- Provided material -
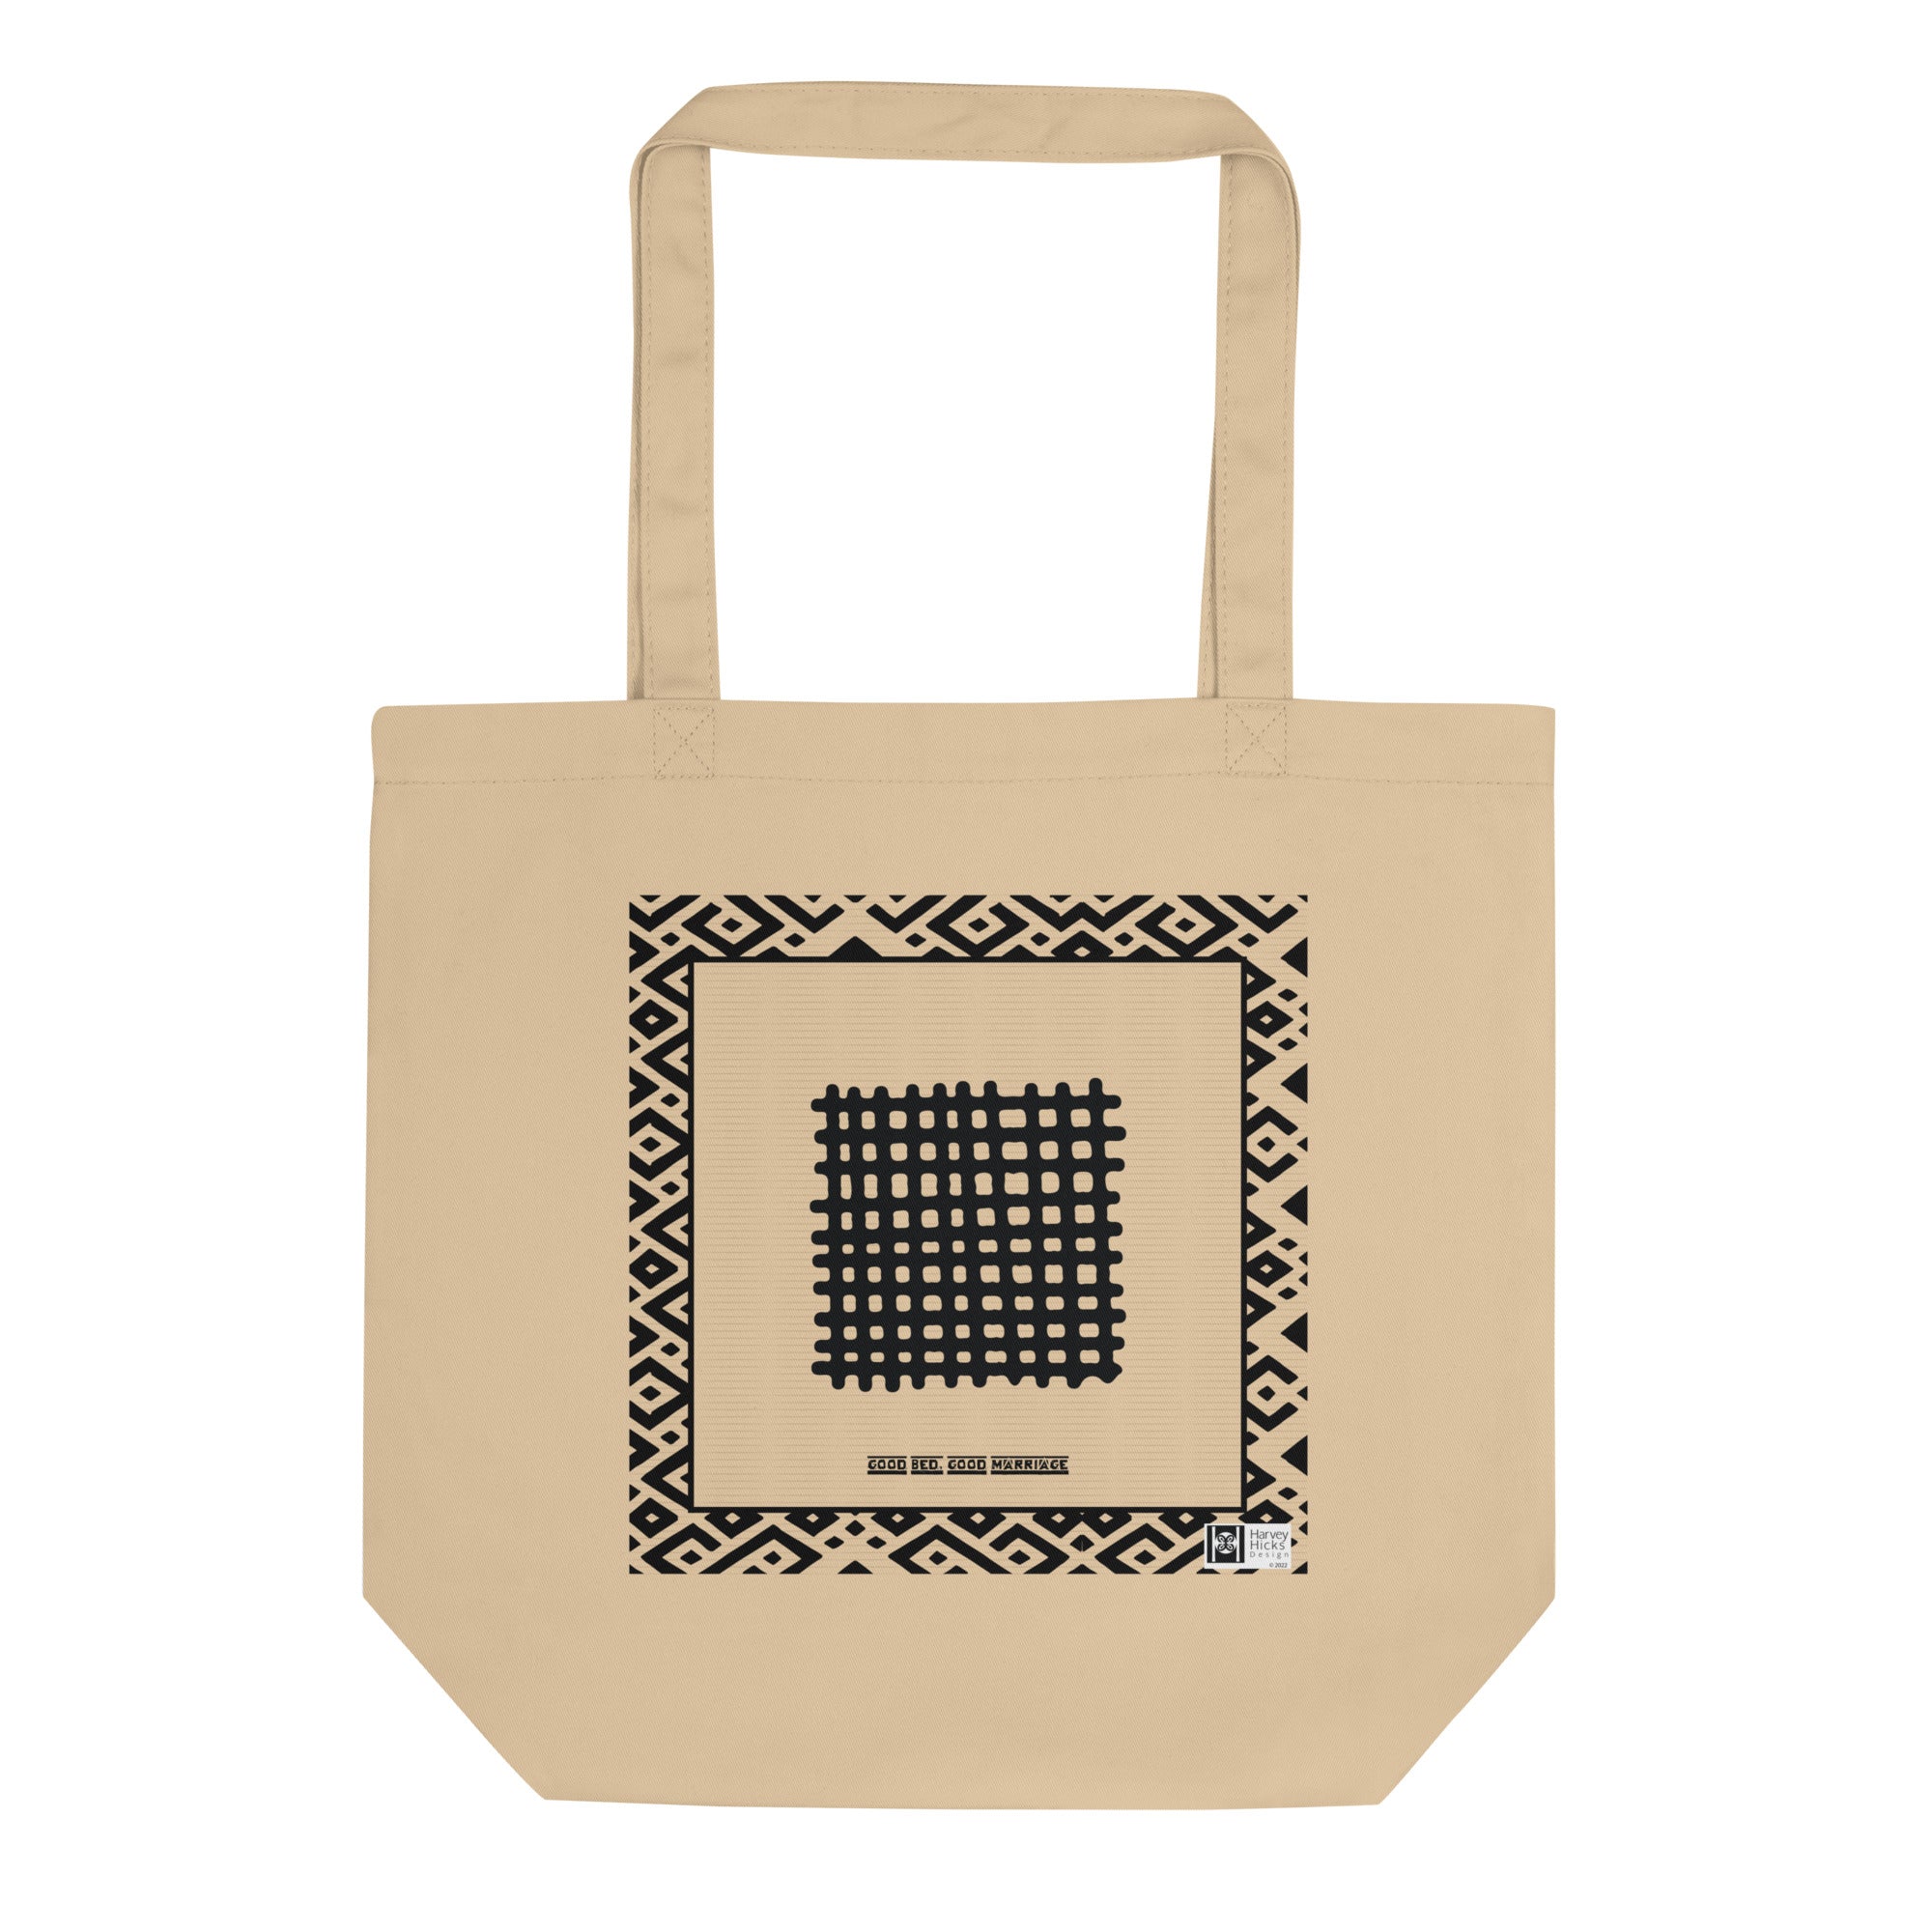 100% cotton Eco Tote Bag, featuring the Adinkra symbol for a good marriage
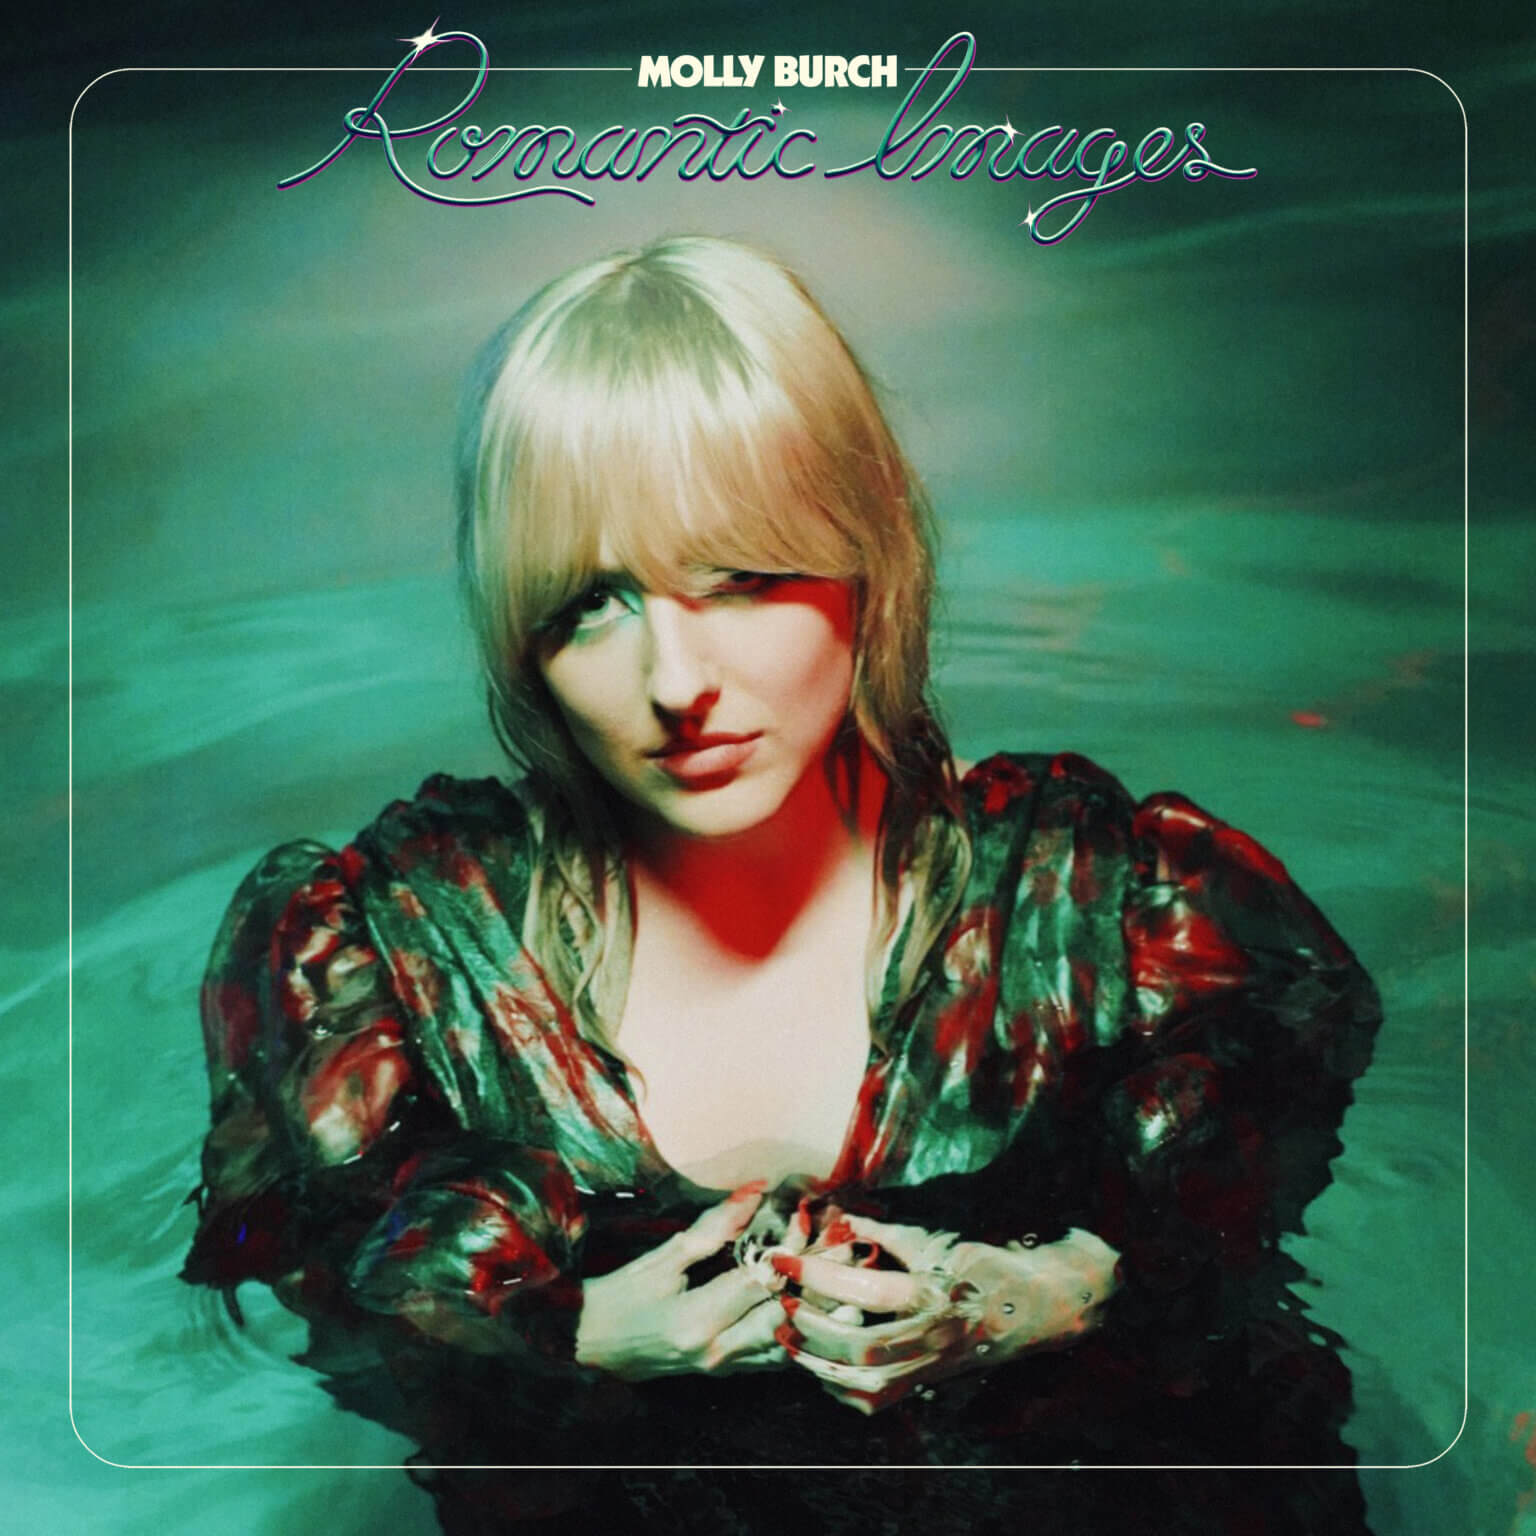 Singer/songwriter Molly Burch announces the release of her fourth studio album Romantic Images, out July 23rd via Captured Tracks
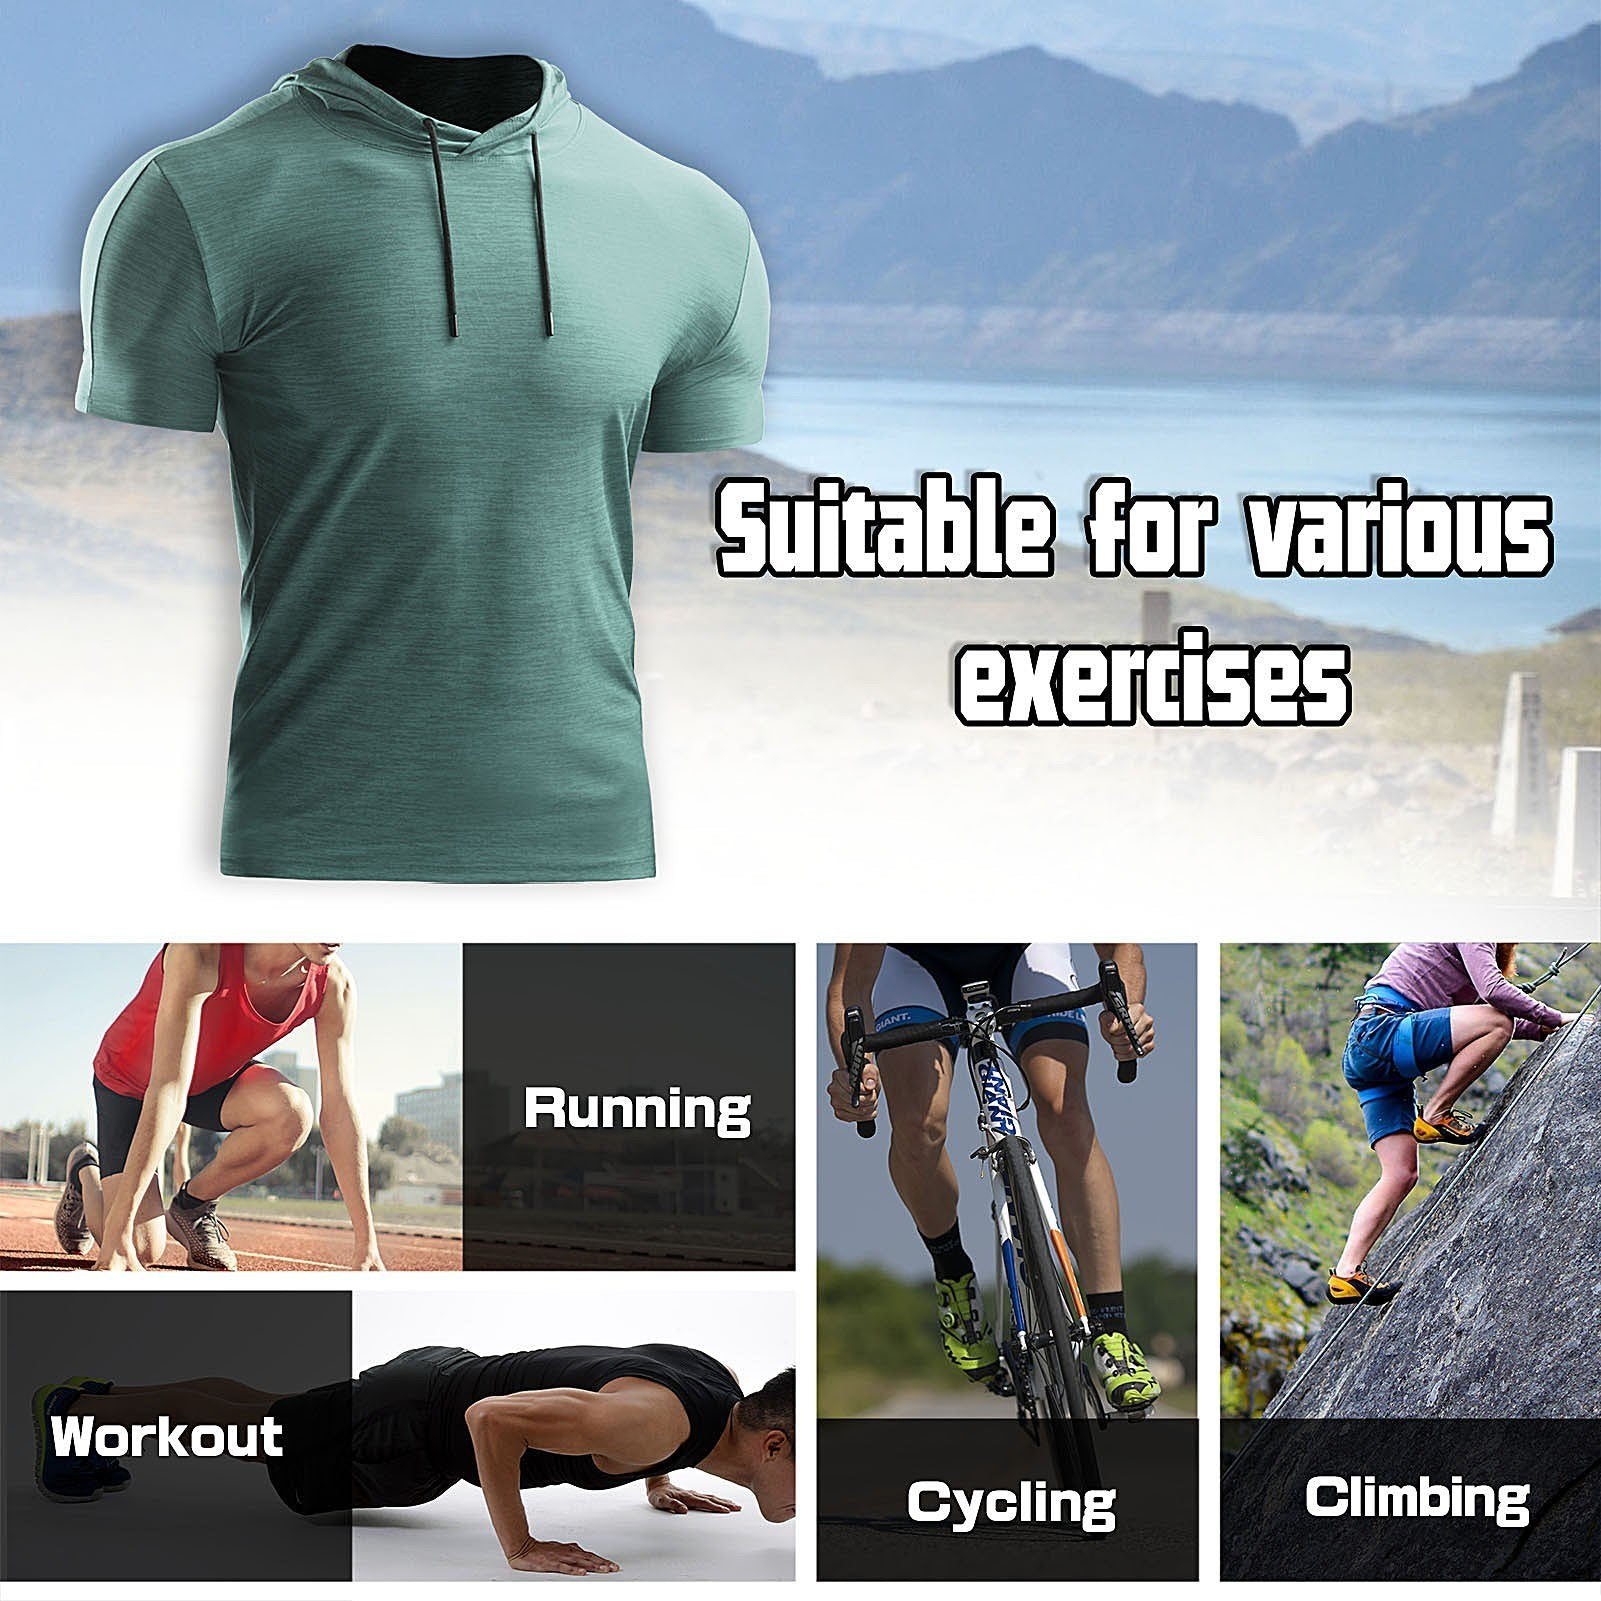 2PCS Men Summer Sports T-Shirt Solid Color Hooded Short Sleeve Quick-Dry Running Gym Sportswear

- Required action -
The expected output is every line of the data, unchanged, with the pictures skipped.

- Result -
 100% cotton Eco Tote Bag, featuring the Adinkra symbol for a good marriage
 Singer/songwriter Molly Burch announces the release of her fourth studio album Romantic Images, out July 23rd via Captured Tracks
 2PCS Men Summer Sports T-Shirt Solid Color Hooded Short Sleeve Quick-Dry Running Gym Sportswear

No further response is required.